- WORK INSTRUCTIONS: Transcribe the listing that follows in full, omitting pictures.

- PROVIDED MATERIAL:
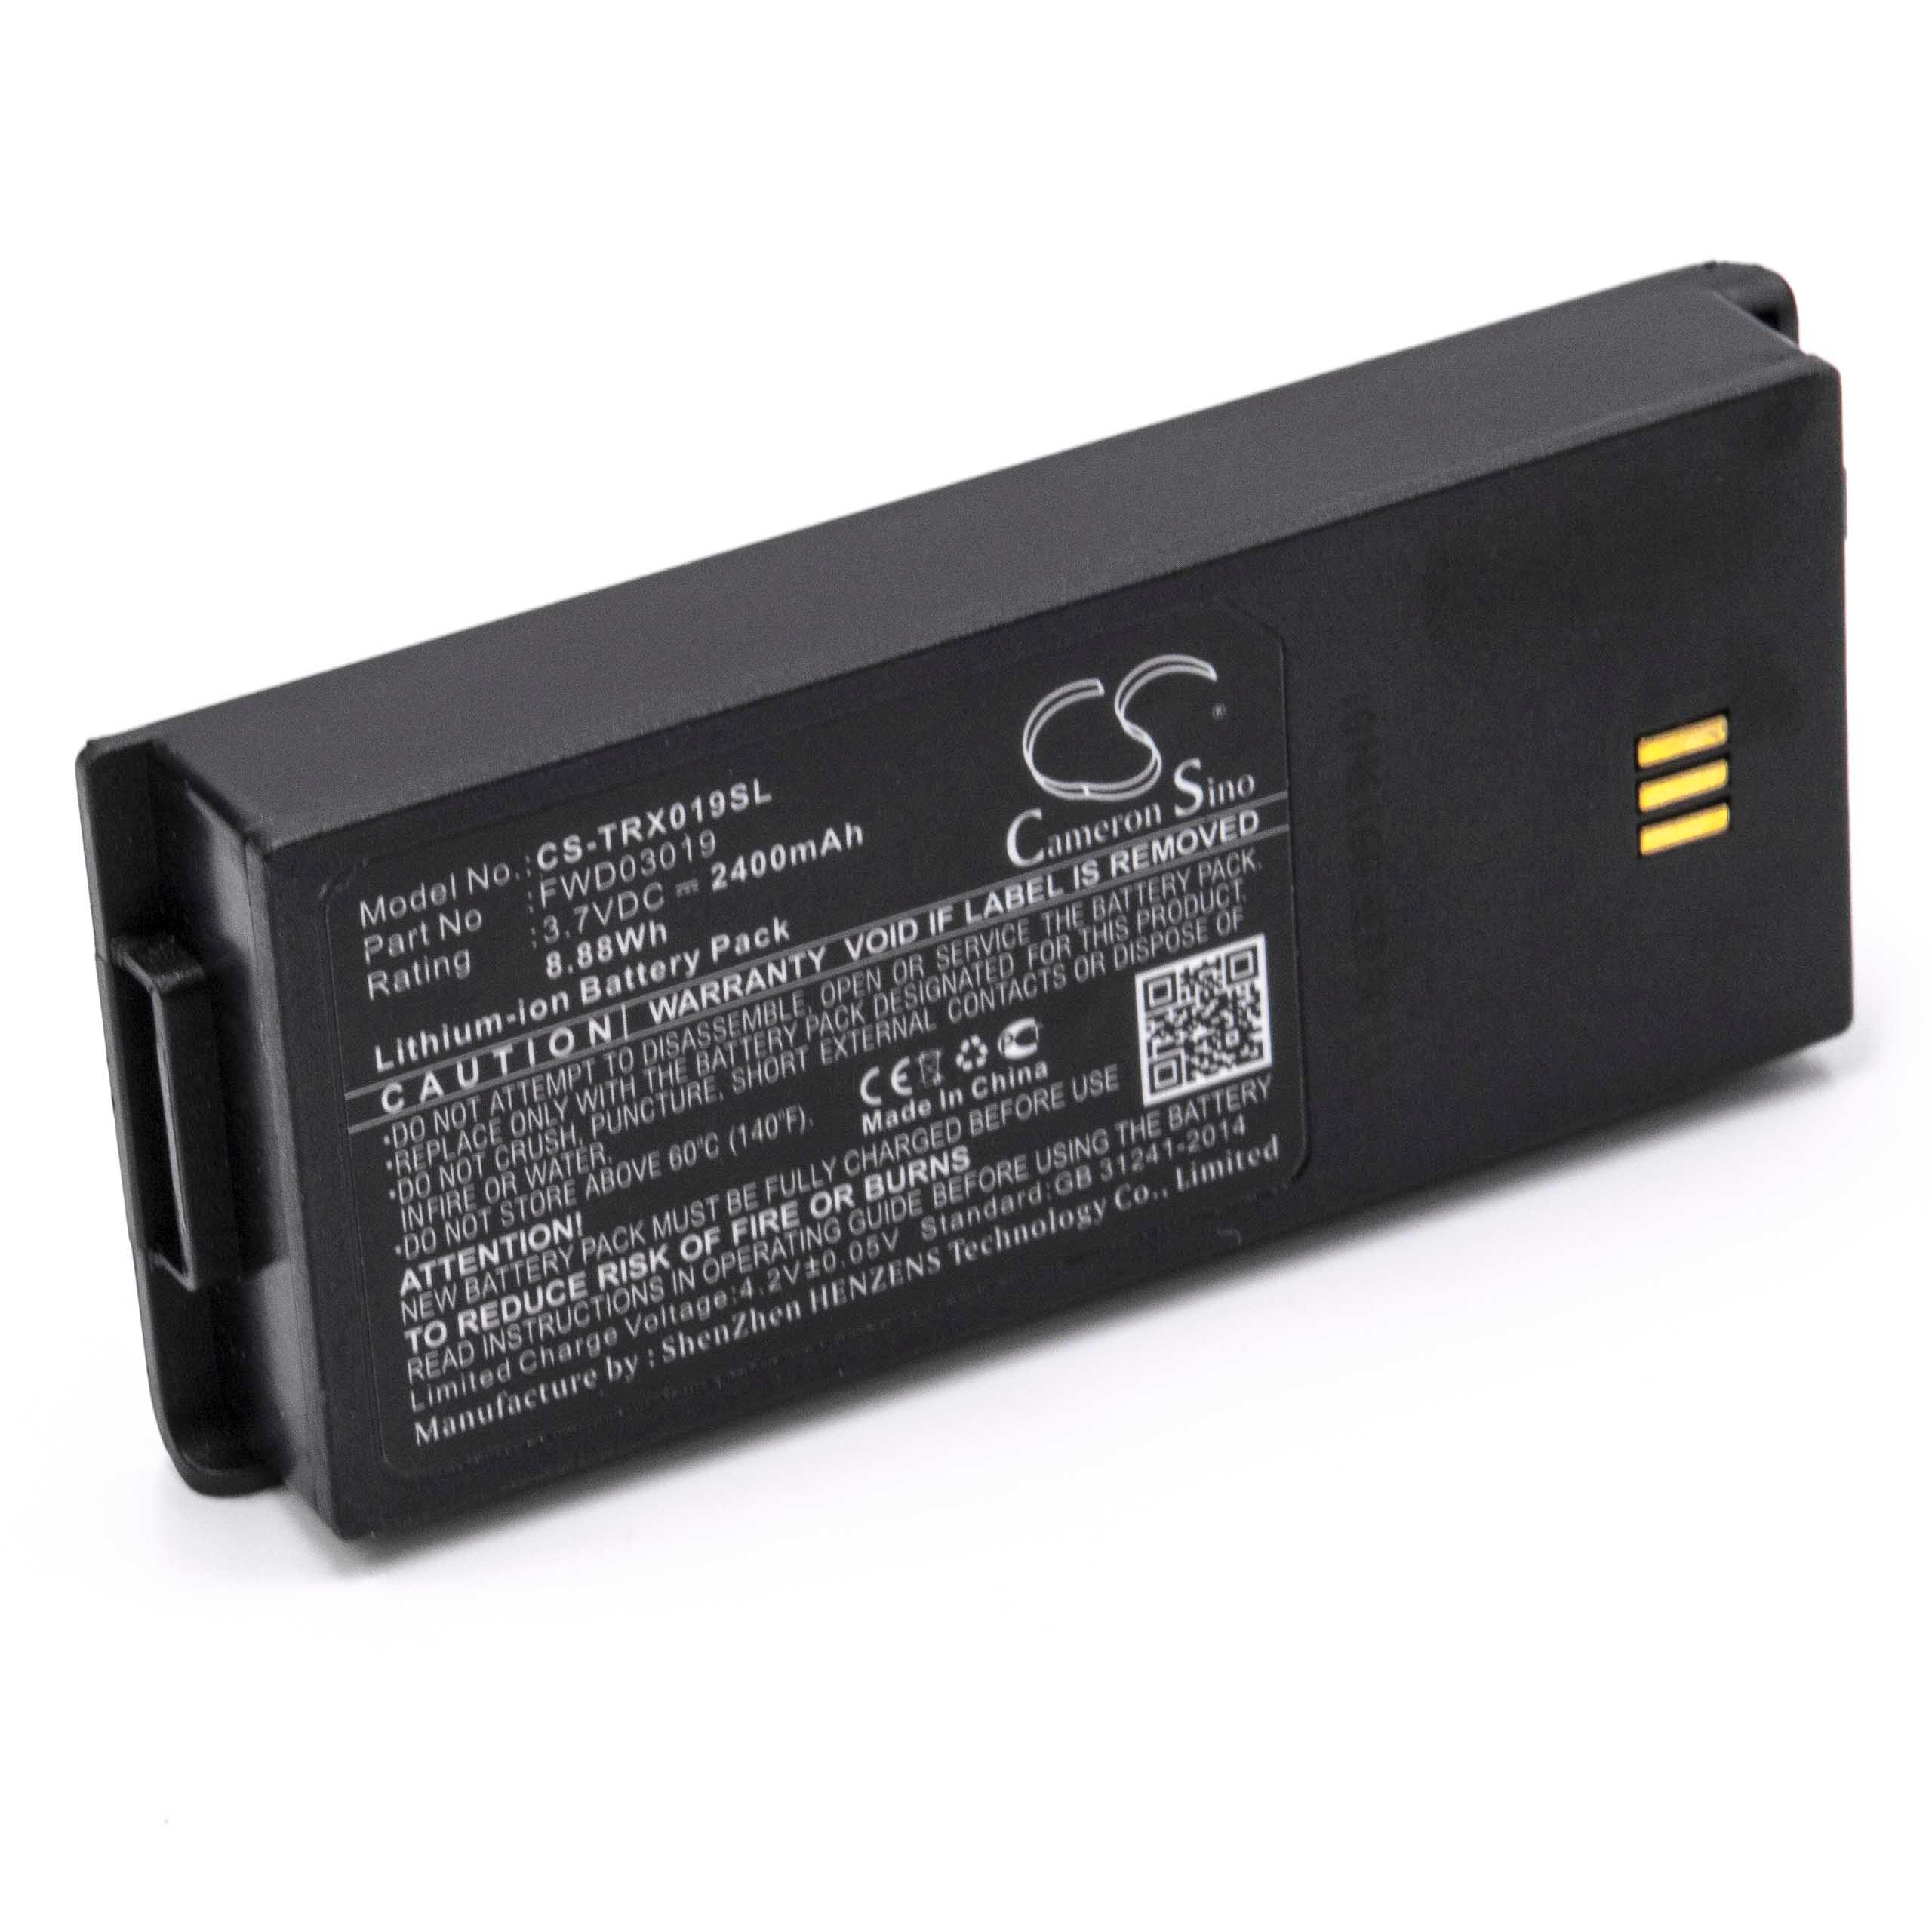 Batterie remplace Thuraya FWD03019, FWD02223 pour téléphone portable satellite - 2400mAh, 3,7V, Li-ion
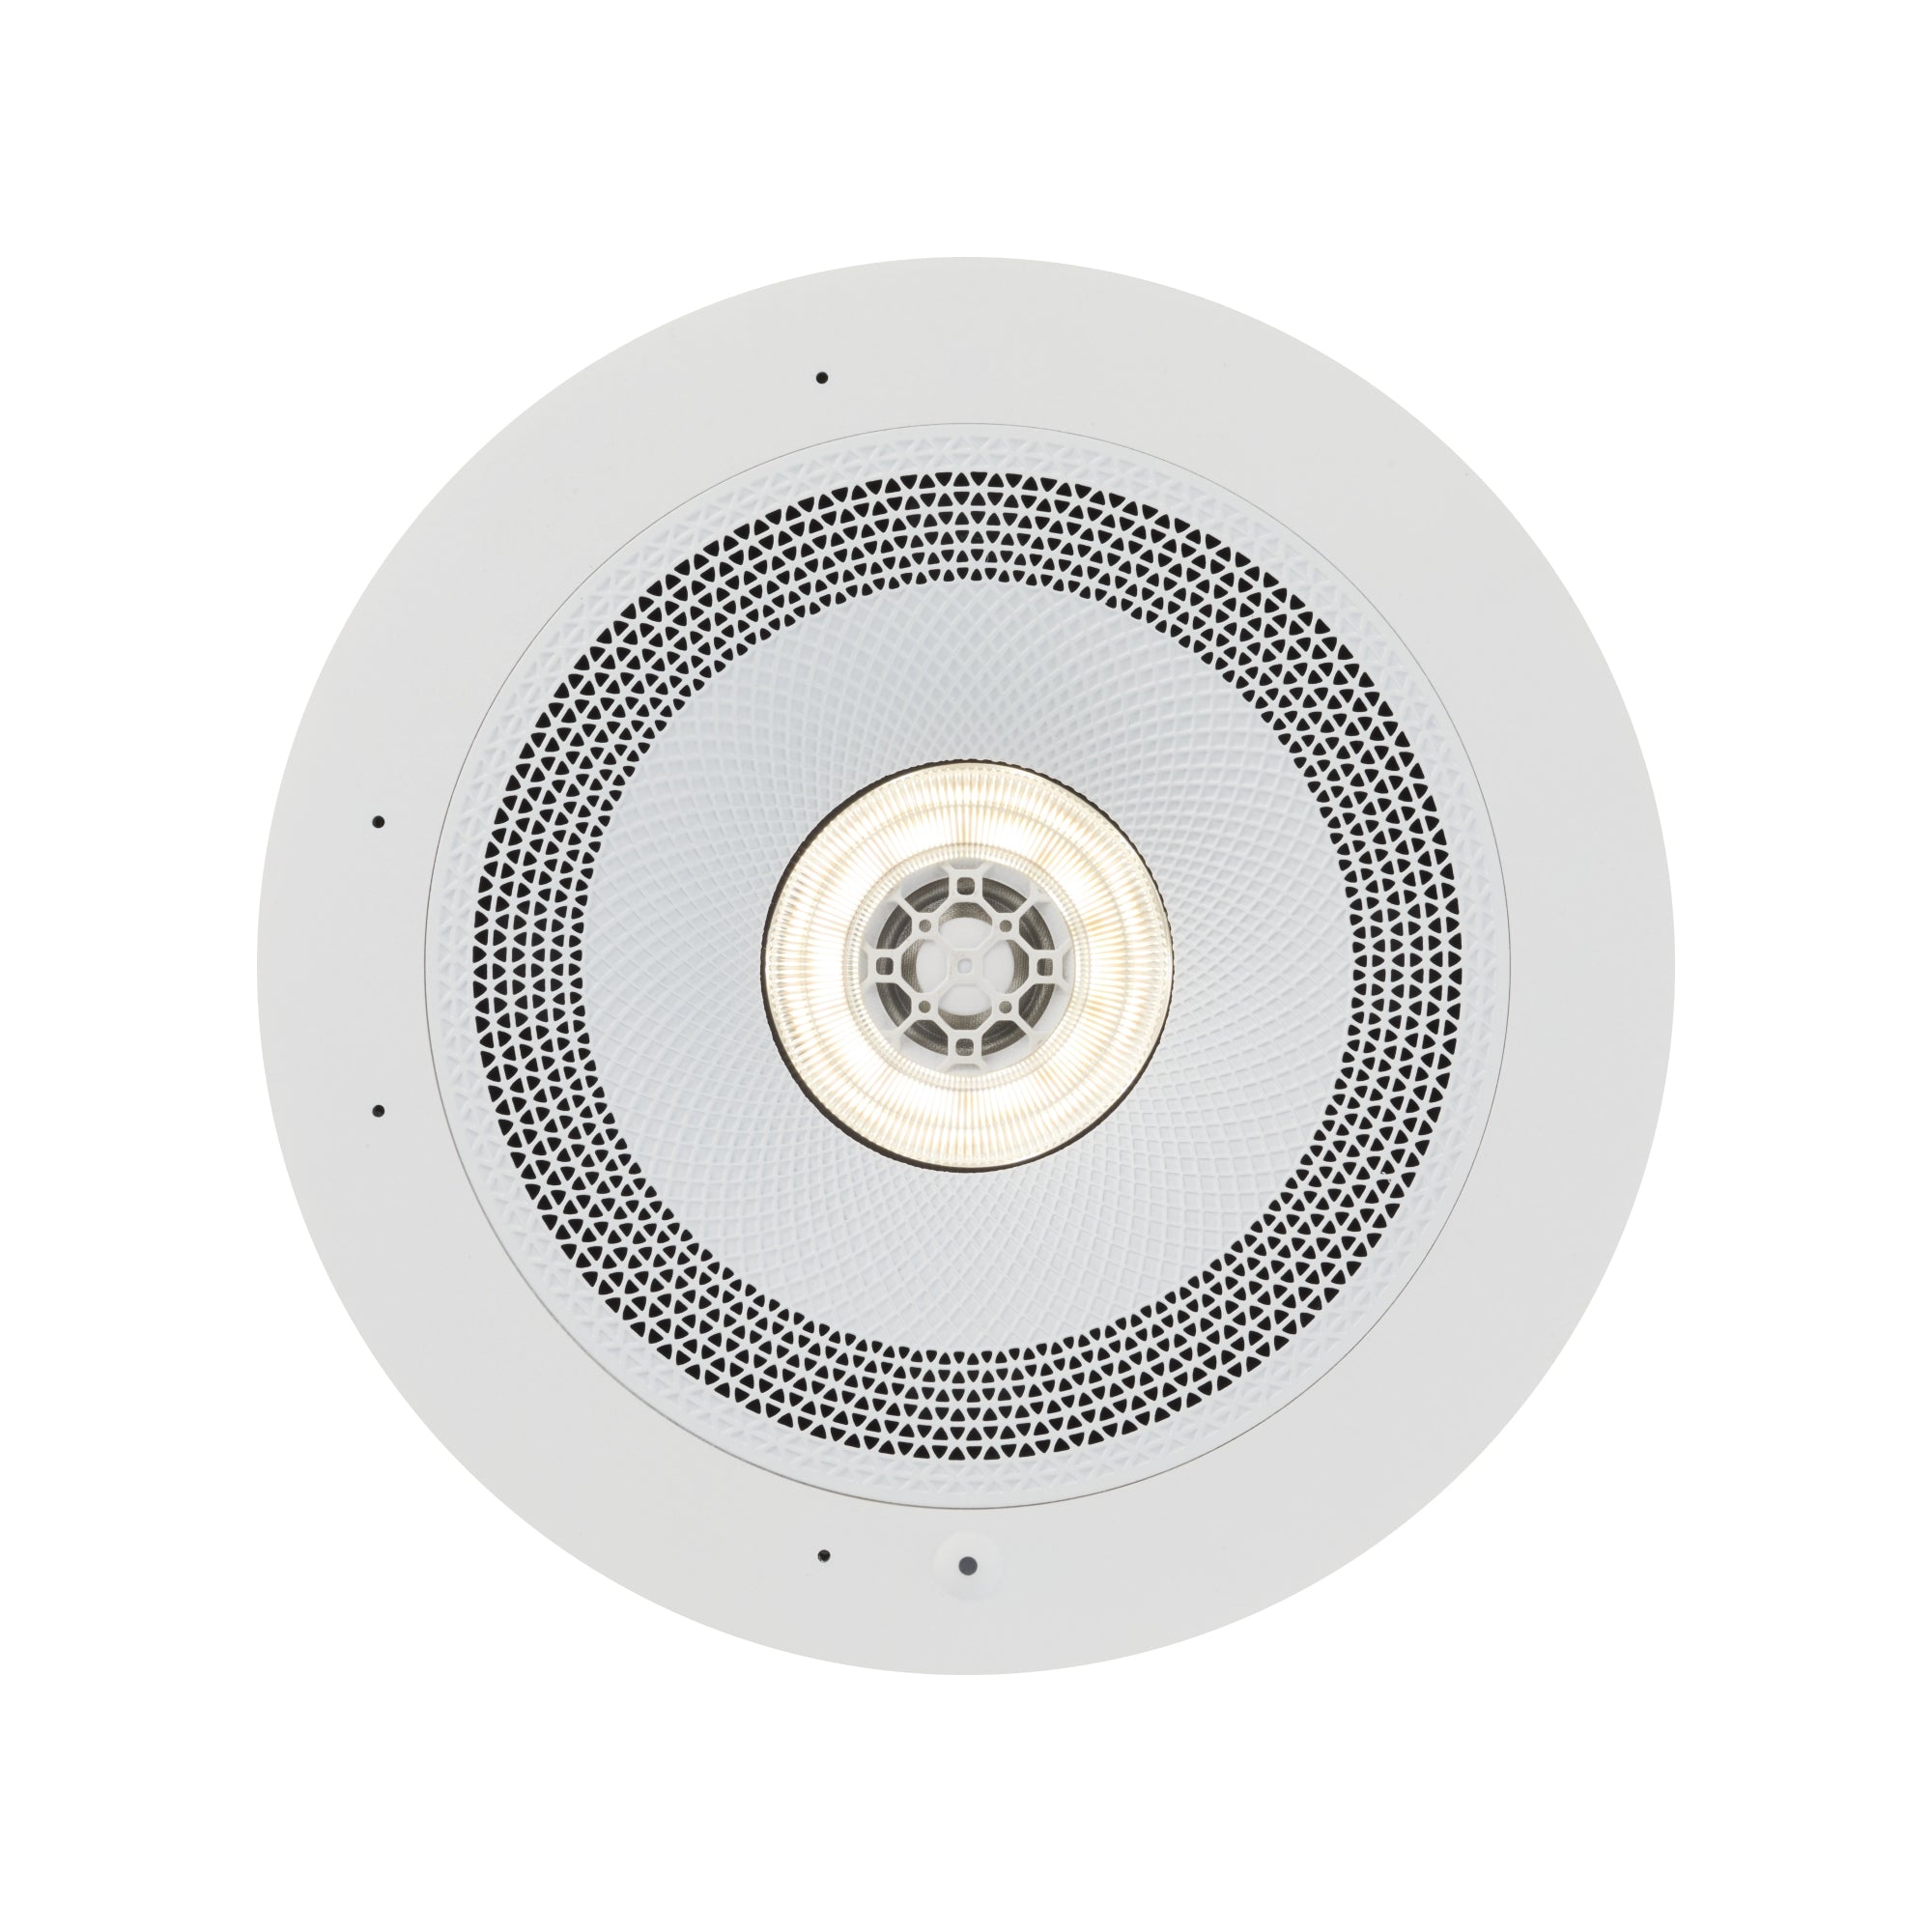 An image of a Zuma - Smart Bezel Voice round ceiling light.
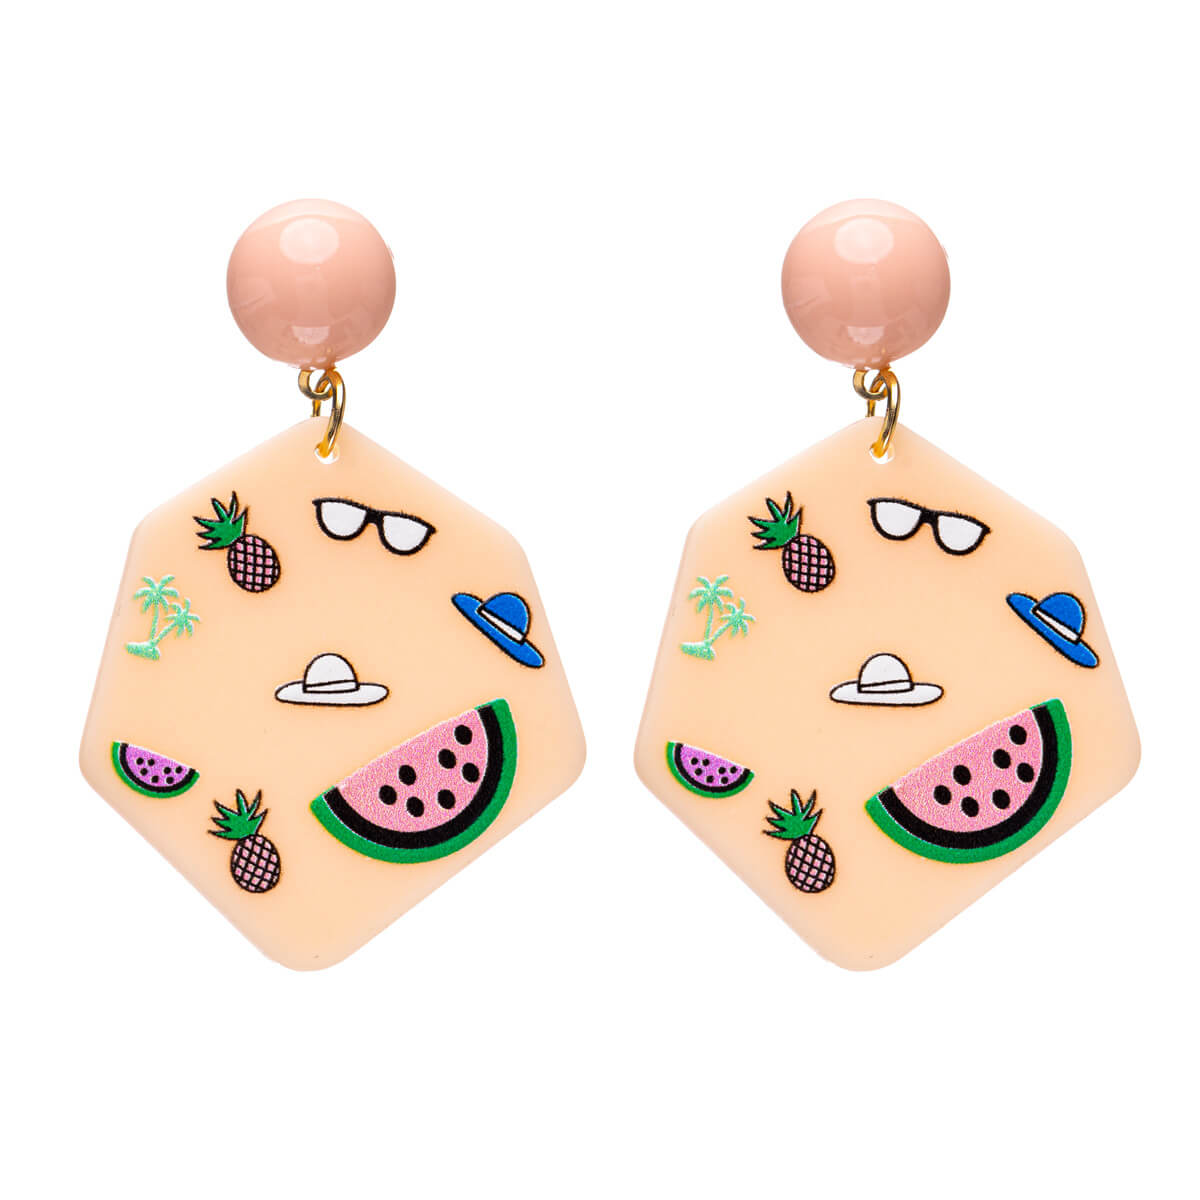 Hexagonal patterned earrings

- SOLUTION TO THE PROBLEM:
 Batterie remplace Thuraya FWD03019, FWD02223 pour téléphone portable satellite - 2400mAh, 3,7V, Li-ion
 An image of a Zuma - Smart Bezel Voice round ceiling light.
 Hexagonal patterned earrings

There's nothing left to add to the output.